48. Ethics, too, are nothing but reverence for life. This is what gives me the fundamental principle of morality, namely, that good consists in maintaining, promoting, and enhancing life, and that destroying, injuring, and limiting life are evil.

49. The interior joy we feel when we have done a good deed is the nourishment the soul requires.

50. Everyone must work to live, but the purpose of life is to serve and to show compassion and the will to help others. Only then have we ourselves become true human beings.

51. There are only three ways to teach a child. The first is by example, the second is by example, the third is by example.

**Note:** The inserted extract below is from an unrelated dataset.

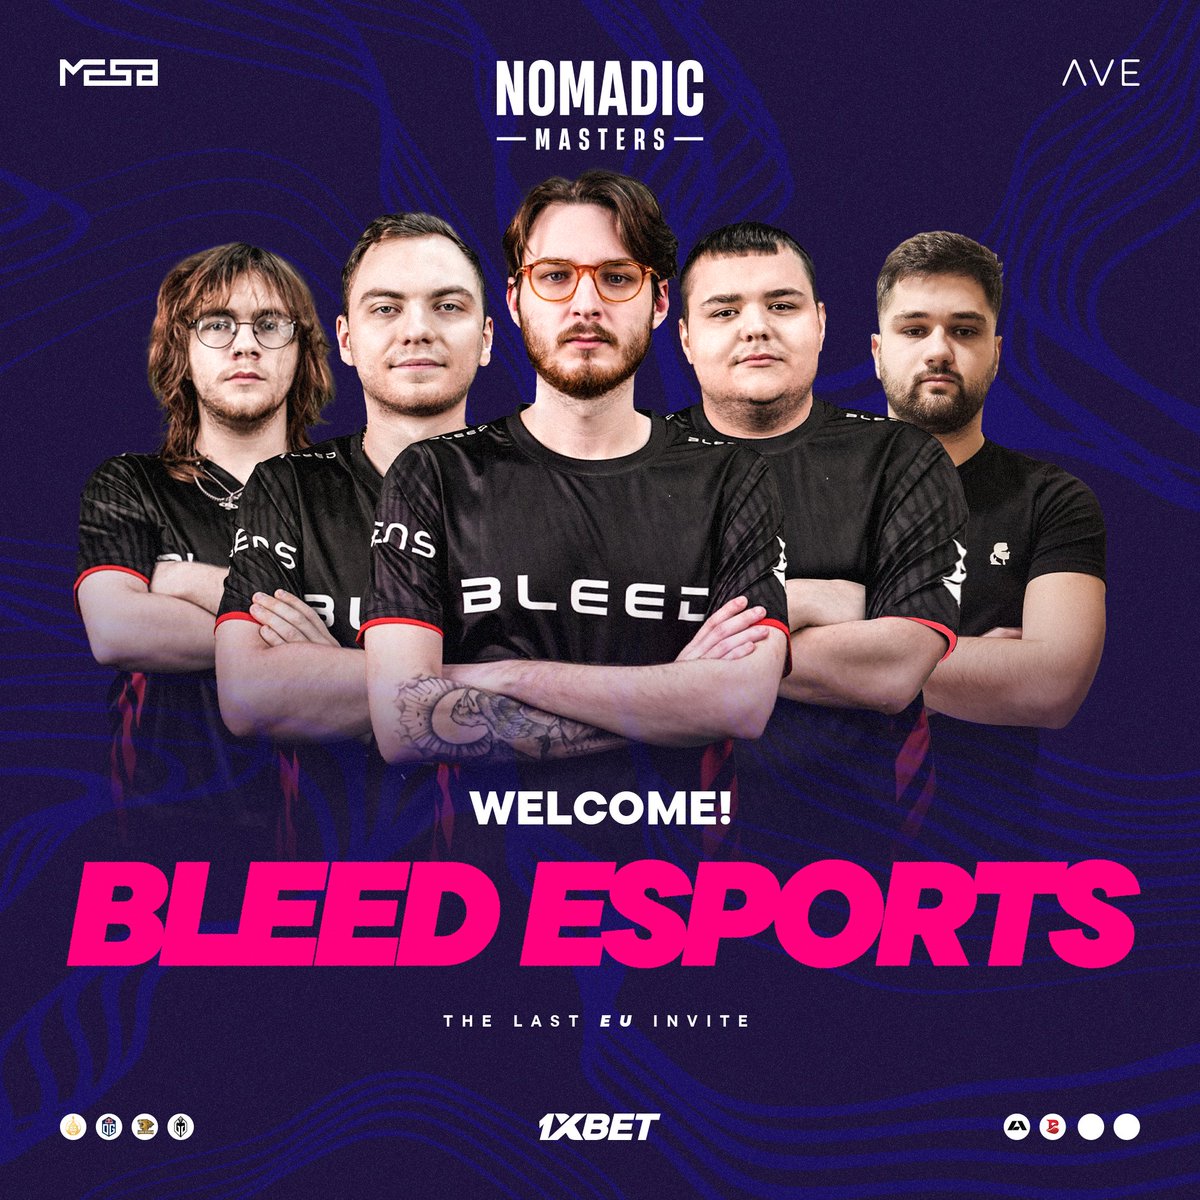 Announcing the European fourth invitee of the Nomadic Masters: @ggBleed ! As the European invitee to the upcoming Nomadic Masters Spring 24 tournament in Ulaanbaatar, Mongolia, they're poised to make history once again from May 28 to June 2. Meet the marvellous lineup: 🇸🇪…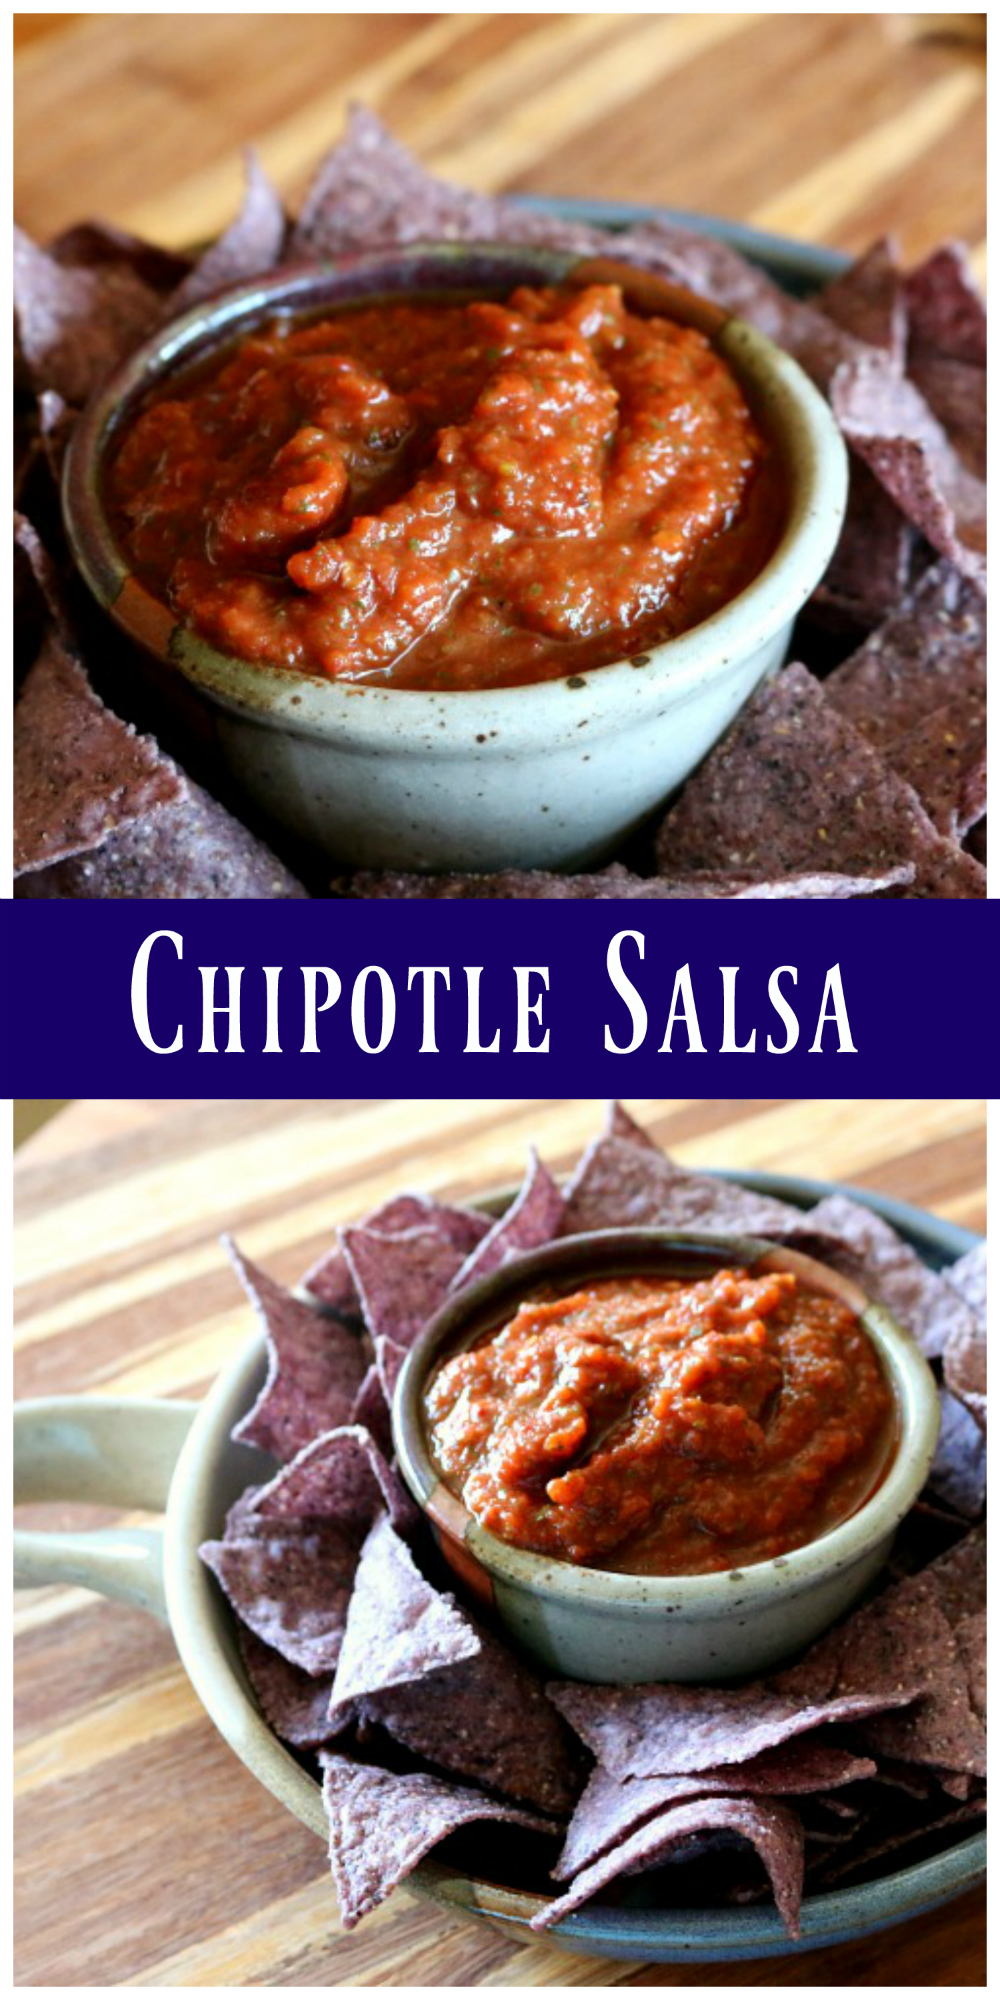 Great party recipe for homemade Chipotle Salsa

52. Man has the lost the capacity to foresee and to forestall. He will end up destroying the earth.

53. The Full Measure of a man is not to be found in the man himself, but in the colors and textures that come alive in others because of him.

54. But merely accepting authoritarian truth, even if that truth has some virtue, does not bring skepticism to an end. To blindly accept a truth one has never reflected upon retards the advance of reason. Our world rots in deceit. . . . Just as a tree bears the same fruit year after year and at the same time fruit that is new each year, so must all permanently valuable ideas be continually created anew in thought. But our age pretends to make a sterile tree bear fruit by tying fruits of truth onto its branches.

55. As soon as man does not take his existence for granted, but beholds it as something unfathomably mysterious, thought begins.

56. You must give time to your fellow men — even if it’s a little thing, do something for others — something for which you get no pay but the privilege of doing it.

57. Die Liebe stirbt meistens and den kleinen Fehlern, die man am Anfang so entzückend findet.

58. As we acquire knowledge, things do not become more comprehensible, but more mysterious.

59. Every patient carries her or his own doctor inside.

60. Man must cease attributing his problems to his environment, and learn again to exercise his will – his personal responsibility in the realm of faith and morals.